Directions for this task:
A faithful copy of the data, pictures omitted, is the required answer.

Input data:
########################################
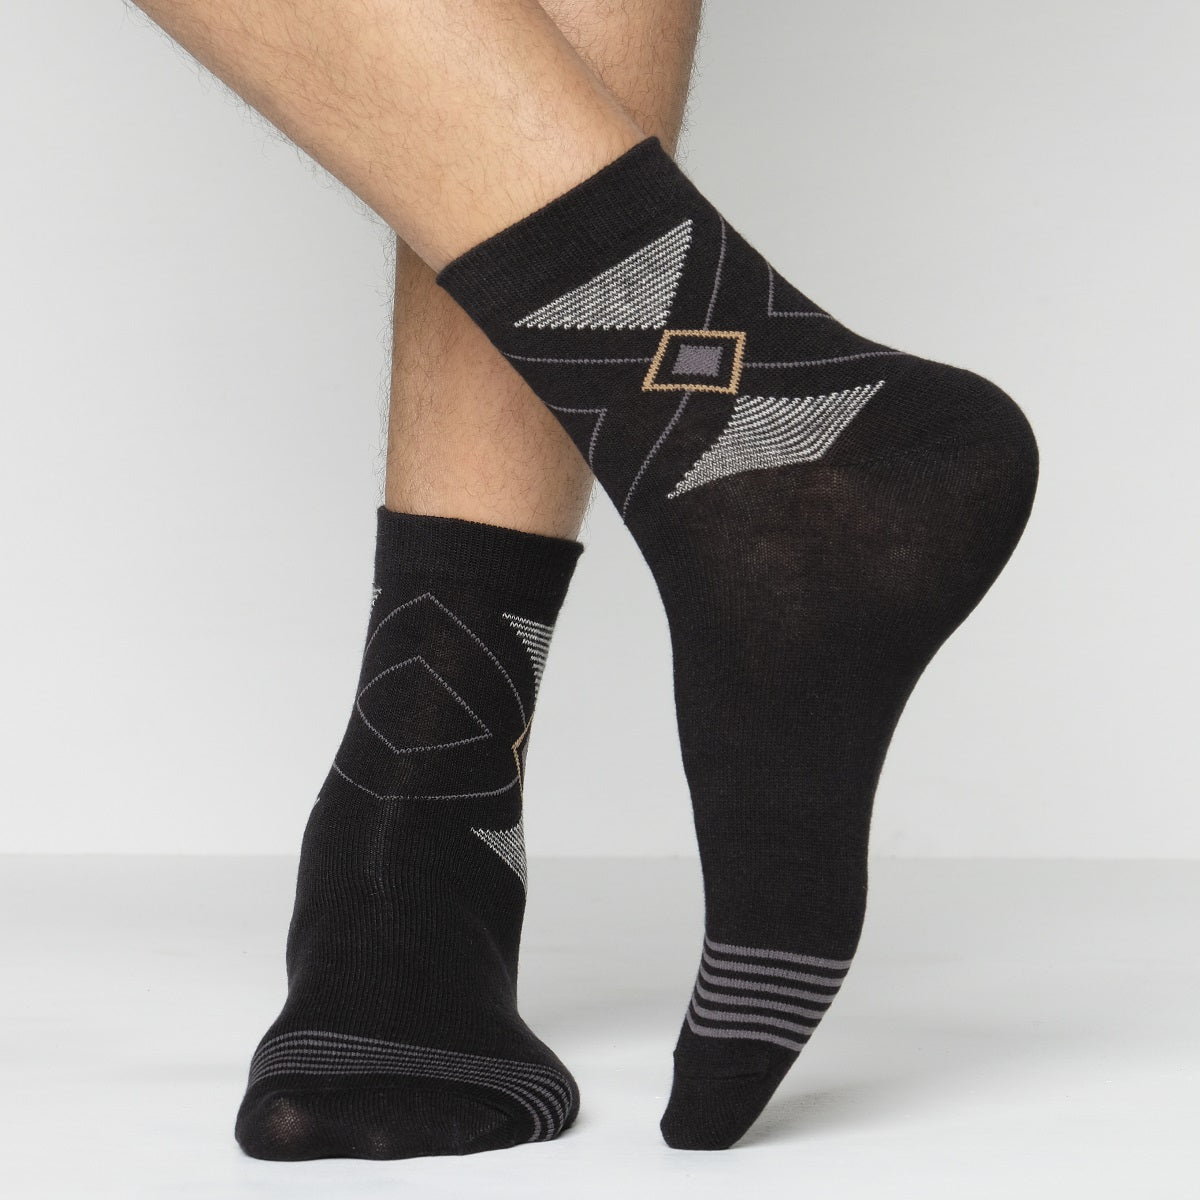 Look Ankle Socks For Men
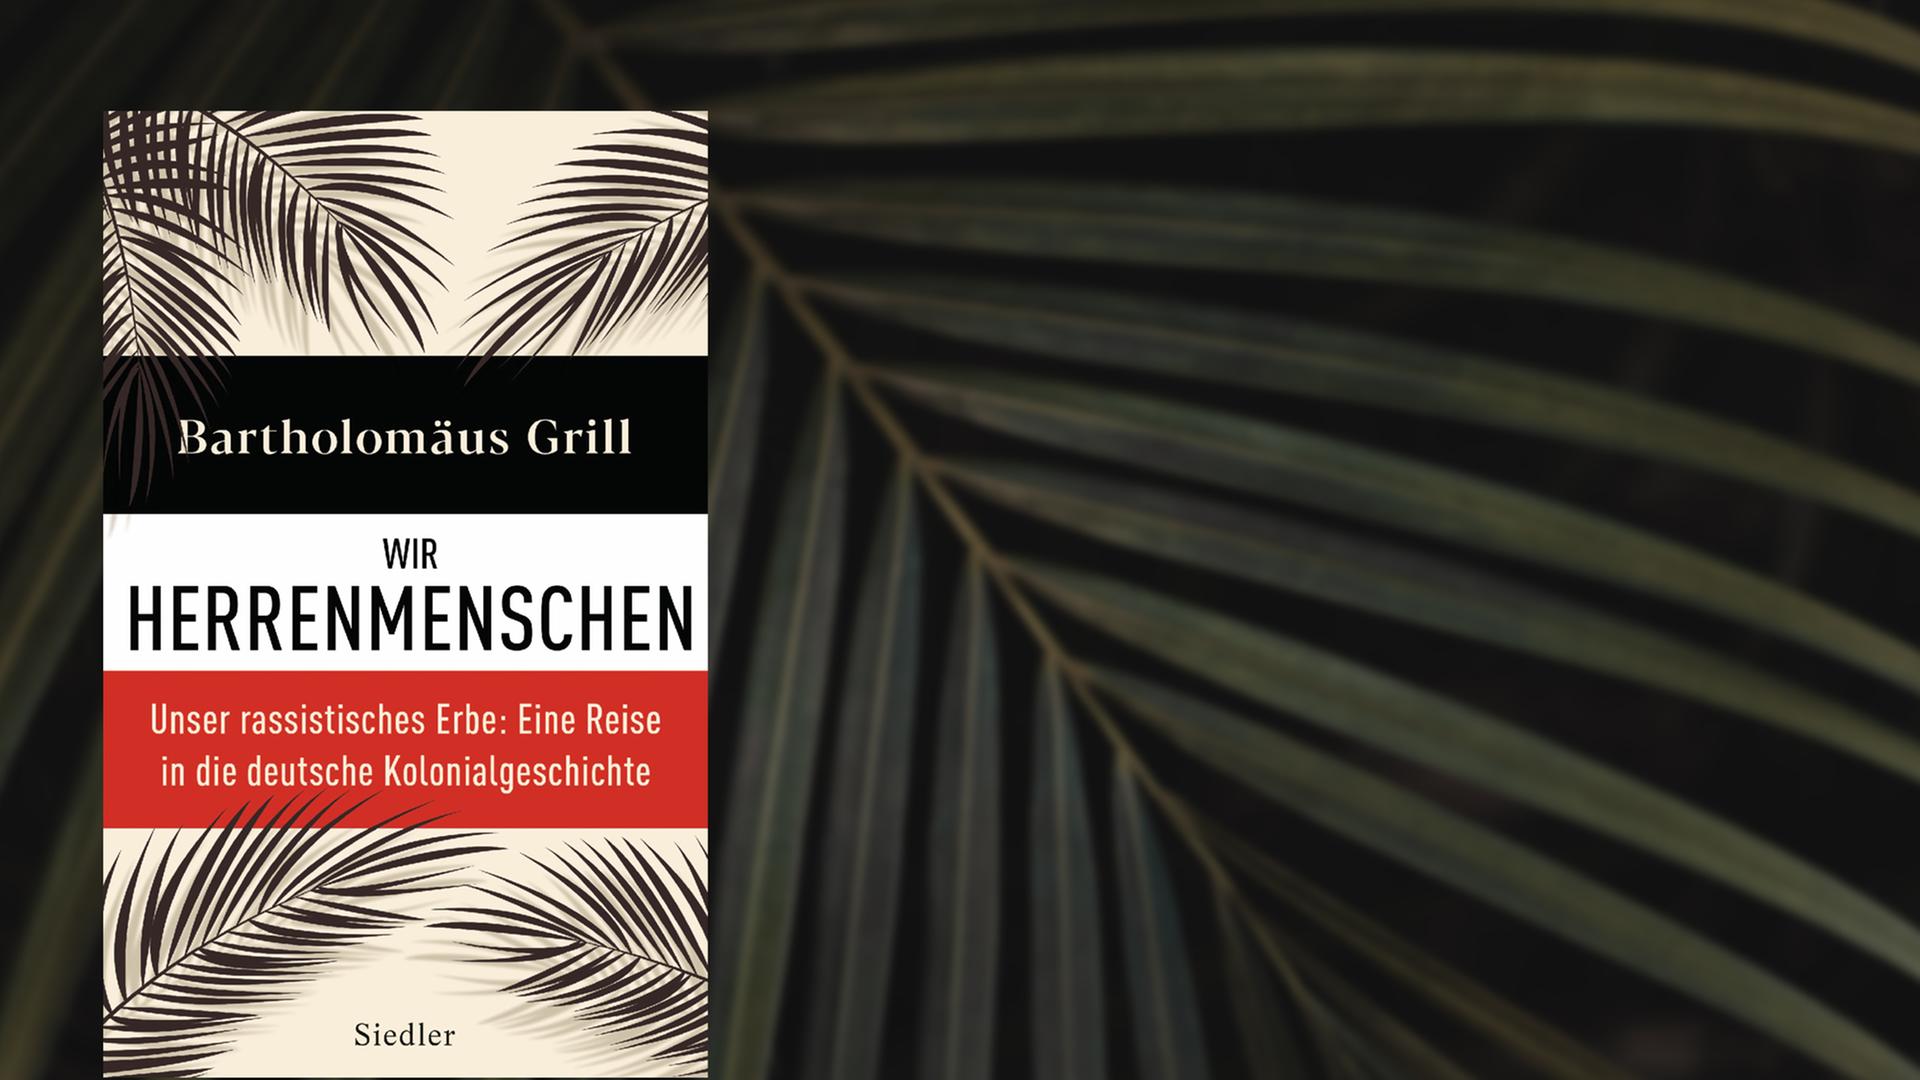 Im Vordergrund das Cover von Bartholomäus Grills "Wir Herrenmenschen", das mit Palmblättern illustriert ist, im Hintergrund ein Palmblatt vor dunkler Fläche.
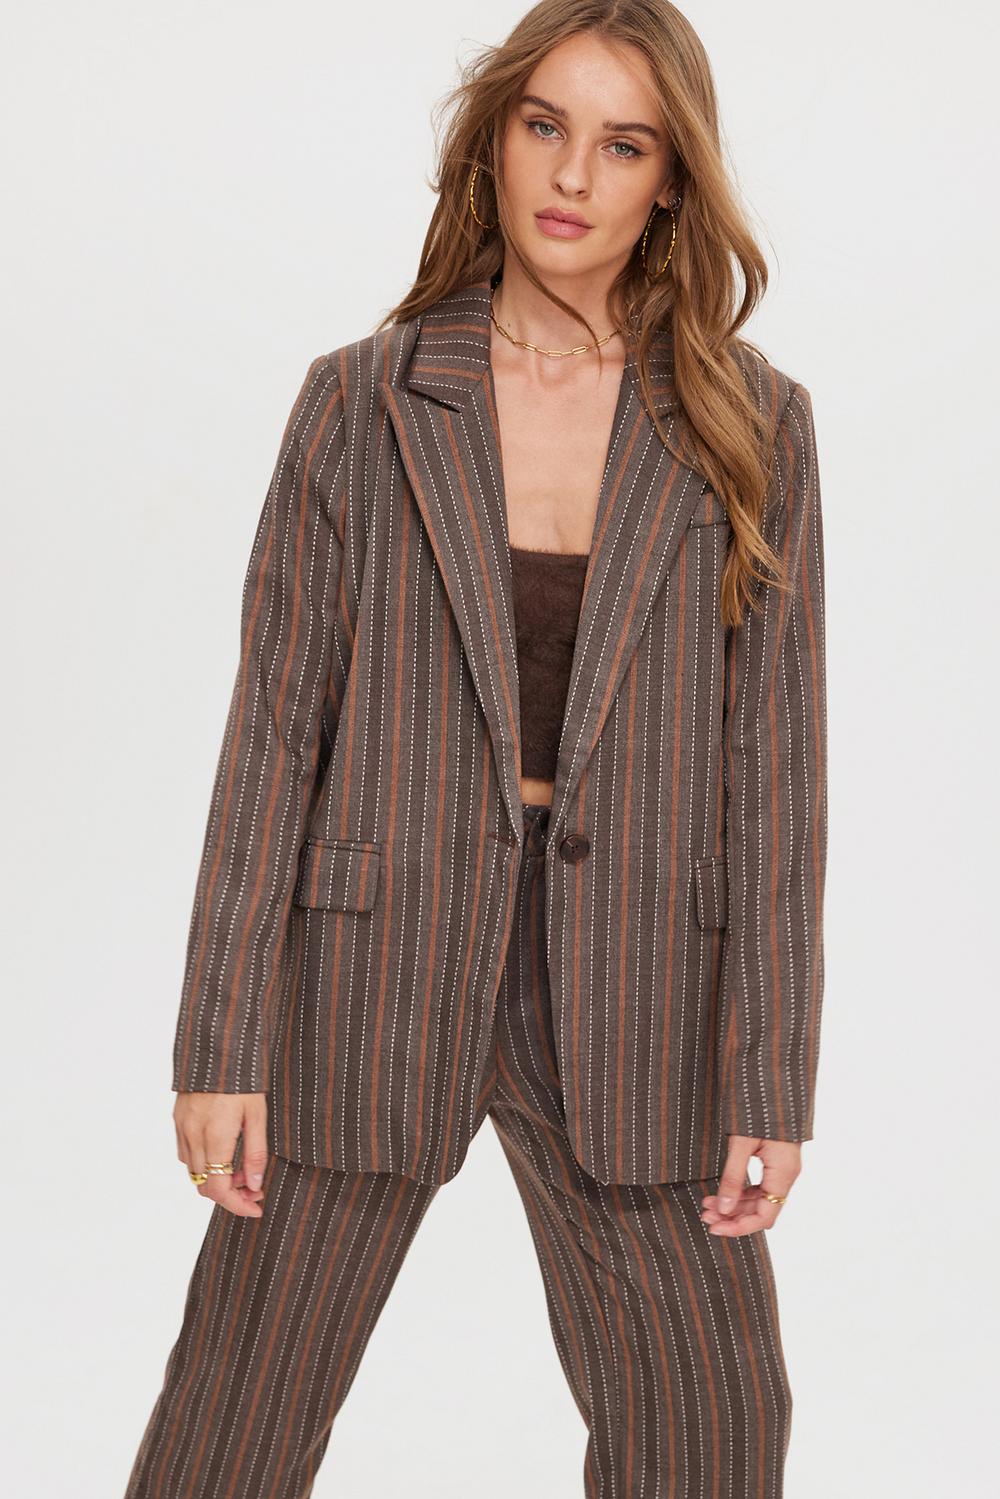 Brown blazer with stripes
########################################
Result:
 Look Ankle Socks For Men
 Im Vordergrund das Cover von Bartholomäus Grills "Wir Herrenmenschen", das mit Palmblättern illustriert ist, im Hintergrund ein Palmblatt vor dunkler Fläche.
 Brown blazer with stripes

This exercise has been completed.